Lending a Hand During Lent

03 Mar, 2021

Lent is the perfect time to remember that giving of ourselves deepens our personal relationship with God and will make the world a better place. As a Dominican community, we actively practice Lenten almsgiving and teach our students to help their brothers and sisters both here at home and around the world.

"Almsgiving is the way we share our blessings with others,” said Beth Odom, Lower School Director of Dominican Catholic Identity. “So many families are struggling today, it is important for us to reach out into our local community, and around the world, to provide help where we can. I like to tell the students that we are the hands of Jesus, working in the world today,” she said.

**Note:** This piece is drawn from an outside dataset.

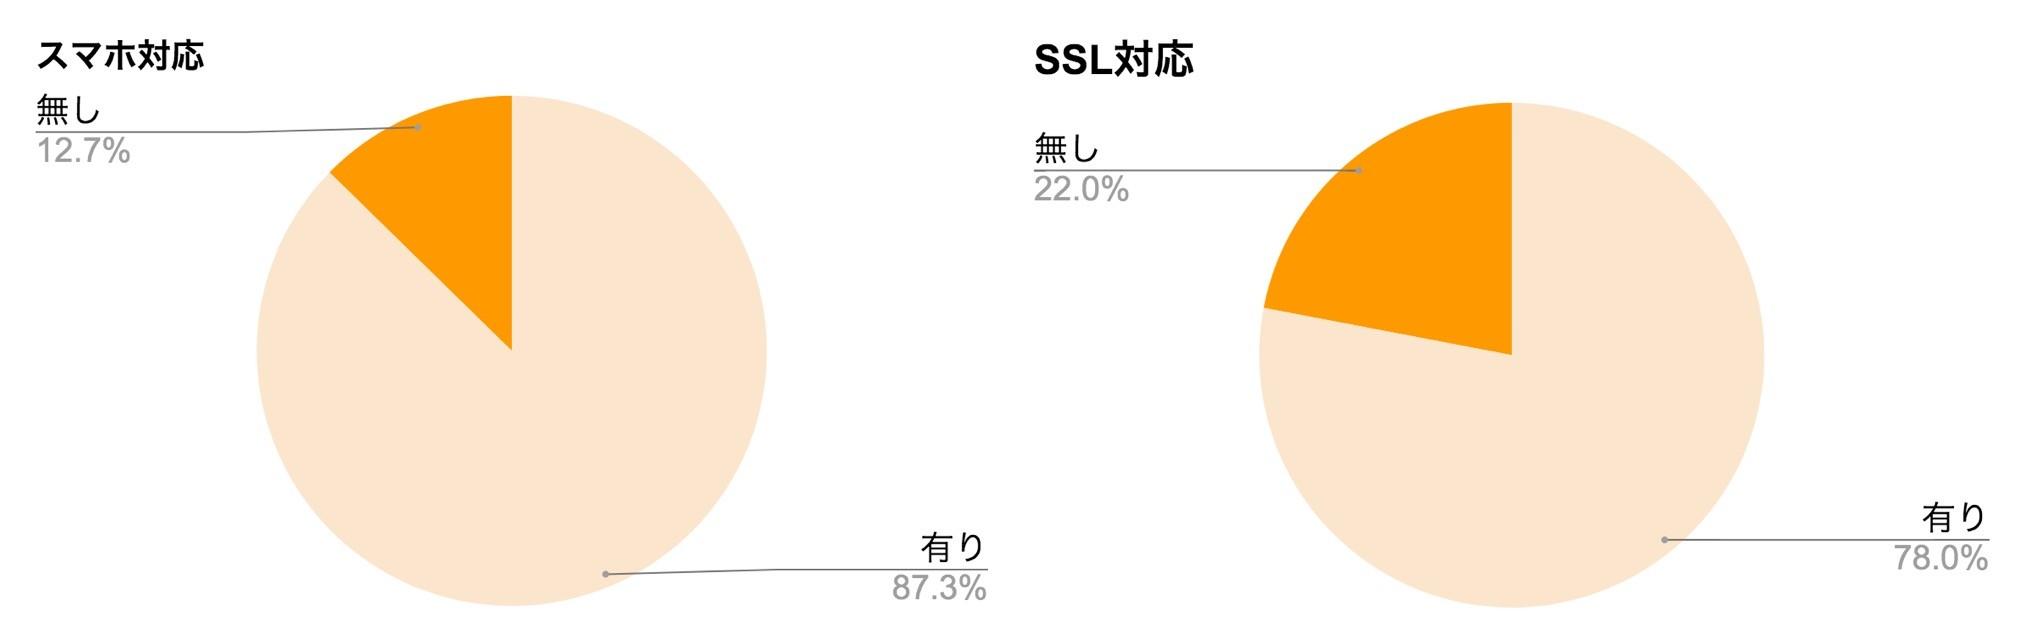 Web制作会社のスマホ対応とSSL対応

This year students at St. Agnes and St. Dominic are participating in two campus-wide Lenten projects: an Easter Food Drive for our friends at Project Outreach in Fayette County and the Catholic Relief Services (CRS) Rice Bowl collection.

Our campus held a successful food drive for Project Outreach at Thanksgiving, and due to the overwhelming demand for assistance they are facing, we are rallying our community to help them once again. Project Outreach, created in 1975 by a Franciscan Sister, Sr. Elaine Wicks, serves an area of Fayette County consisting of primarily working poor. The food drive runs through March 12.

The Rice Bowl program may be familiar to many of you who remember receiving the cardboard bowl as a child at mass or at school to collect pennies. This year, our ECC and Upper School students have placed bowls in their classrooms for donation collections, while students in grades K-8 received a cardboard rice bowl to collect coins at home. These bowls will be returned to school during Holy Week and added to the campus donation total.

The concept behind the Rice Bowl is not just to donate extra change that you may have, but to also participate in some small sacrifice as a way to deepen your faith. For example, instead of buying a candy bar when they crave something sweet, the child can put that money into the rice bowl. To participate in this drive, our ECC students are “doing good deeds” at home to earn quarters which they will turn in weekly to the rice bowl collection.

Having gotten its start in 1975, the Rice Bowl concept began as Catholics were looking for a way to respond to famine in Africa. Donations raised through the program now +provide benefit to more than 100 countries worldwide. Twenty-five percent of donations stay in our local diocese to fight hunger and poverty. The funds are used to support projects in agriculture, water and sanitation, health and nutrition education, and micro financing for small businesses.